# Intro

This notebook pulls the latest comments on Facebook relating to a page that you manage, and updates a running list in Google Sheets.

Note that this script only pulls the latest records, so suggest running e.g. once a day/week. Next step would be to extend so Facebook/Google Sheets authentication is automated.

# Code

To run all: Runtime/Cell > Run all

Note that you will need to create a new access token from https://developers.facebook.com/tools/explorer, and paste in to step 1, as well as the Facebook page id/name and Google Sheets name/worksheet.

In [None]:
!pip install facebook-sdk
!pip install vaderSentiment

In [None]:
import pandas as pd
import facebook
from vaderSentiment.vaderSentiment import SentimentIntensityAnalyzer

In [None]:
# Step 1 - Get Facebook posts
PAGE_ID = "YOUR_PAGE_ID"
PAGE_NAME = "YOUR_PAGE_NAME"
TOKEN = "YOUR_TOKEN"

graph = facebook.GraphAPI(access_token=TOKEN, version="3.0")
posts = graph.get_object(id=PAGE_ID, fields="posts")

post_ids = []
for post in posts['posts']['data']:
    post_ids.append(post['id'])

In [None]:
# Step 2 - Load comments into data frame, add sentiment. Exclude comments from page owner
comments_df = pd.DataFrame(columns=["post_id","comment_id","created_time","sentiment","message","date"])
analyser = SentimentIntensityAnalyzer()

def get_comments(object_id):
    comments = graph.get_object(id=object_id, fields="comments{created_time,id,message,from}")

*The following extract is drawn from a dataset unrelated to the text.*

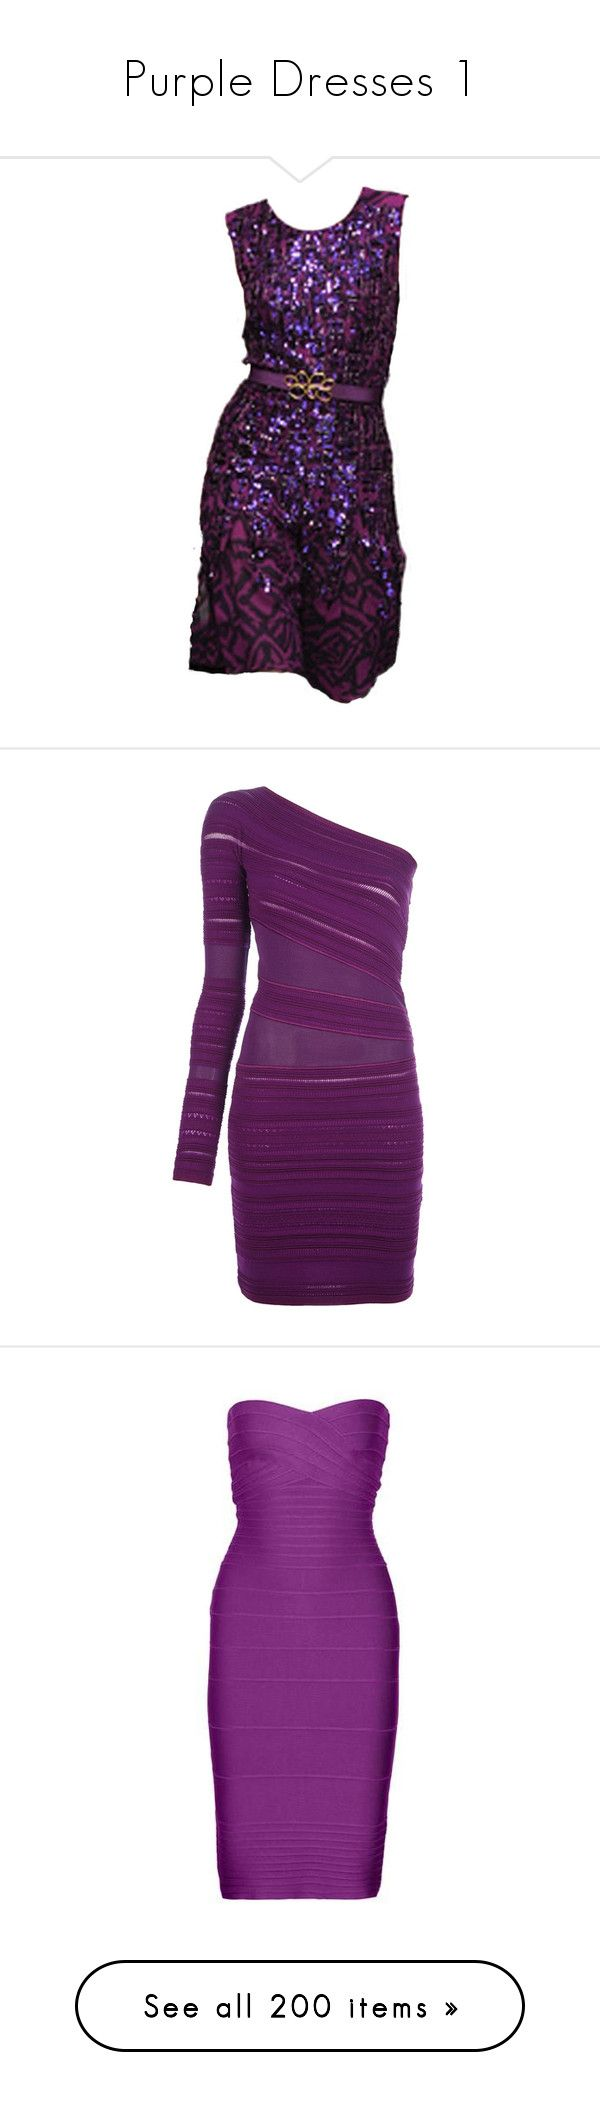 """Purple Dresses 1"" by kingcrimson ❤ liked on Polyvore featuring dresses, purple, purple dress, vestidos, short dresses, robe, long sleeve short dress, long sleeve dress, purple mini dress and long-sleeve mini dress"

    if 'comments' in comments:  
        for comment in comments['comments']['data']:
            # Add comment if not a duplicate for same day and not posted by page owner
            date = comment['created_time'].split('T')[0]
            if not ((comments_df['date'] == date) & (comments_df['message'] == comment['message'])).any() and comment['message'] != "" and ('from' not in comment or comment['from']['name'] != PAGE_NAME):
                sentiment = analyser.polarity_scores(comment['message'])['compound']
                comments_df.loc[len(comments_df)] = [post_id,comment['id'],comment['created_time'],sentiment,comment['message'],date]

            # Call function recursively in case there are replies to *this* comment
            get_comments(comment['id'])
  
for post_id in post_ids:
    get_comments(post_id)
    
del comments_df['date']
comments_df.head(1)

In [None]:
# Step 3 - Open Google Sheet and get existing comments
from google.colab import auth
auth.authenticate_user()

import gspread
from oauth2client.client import GoogleCredentials

SHEET_NAME = "YOUR_SHEET_NAME"
WORKSHEET_NAME = "YOUR_WORKSHEET_NAME"

gc = gspread.authorize(GoogleCredentials.get_application_default())

worksheet = gc.open(SHEET_NAME).worksheet(WORKSHEET_NAME)

rows = worksheet.get_all_values()
existing_df = pd.DataFrame.from_records(rows[1:],columns=rows[0])
existing_df.head(1)

In [None]:
# Step 4 - Identify new comments (not in existing)
new_comments_df = comments_df[~comments_df['comment_id'].isin(existing_df['comment_id'])]
new_comments_df

In [None]:
# Step 5 - Write all comments to the sheet
from gspread_dataframe import set_with_dataframe
all_comments = existing_df.append(new_comments_df, sort=False).sort_values(['created_time'], ascending=[False])
set_with_dataframe(worksheet, all_comments)
print("Done: added %d new comments to sheet" % len(new_comments_df))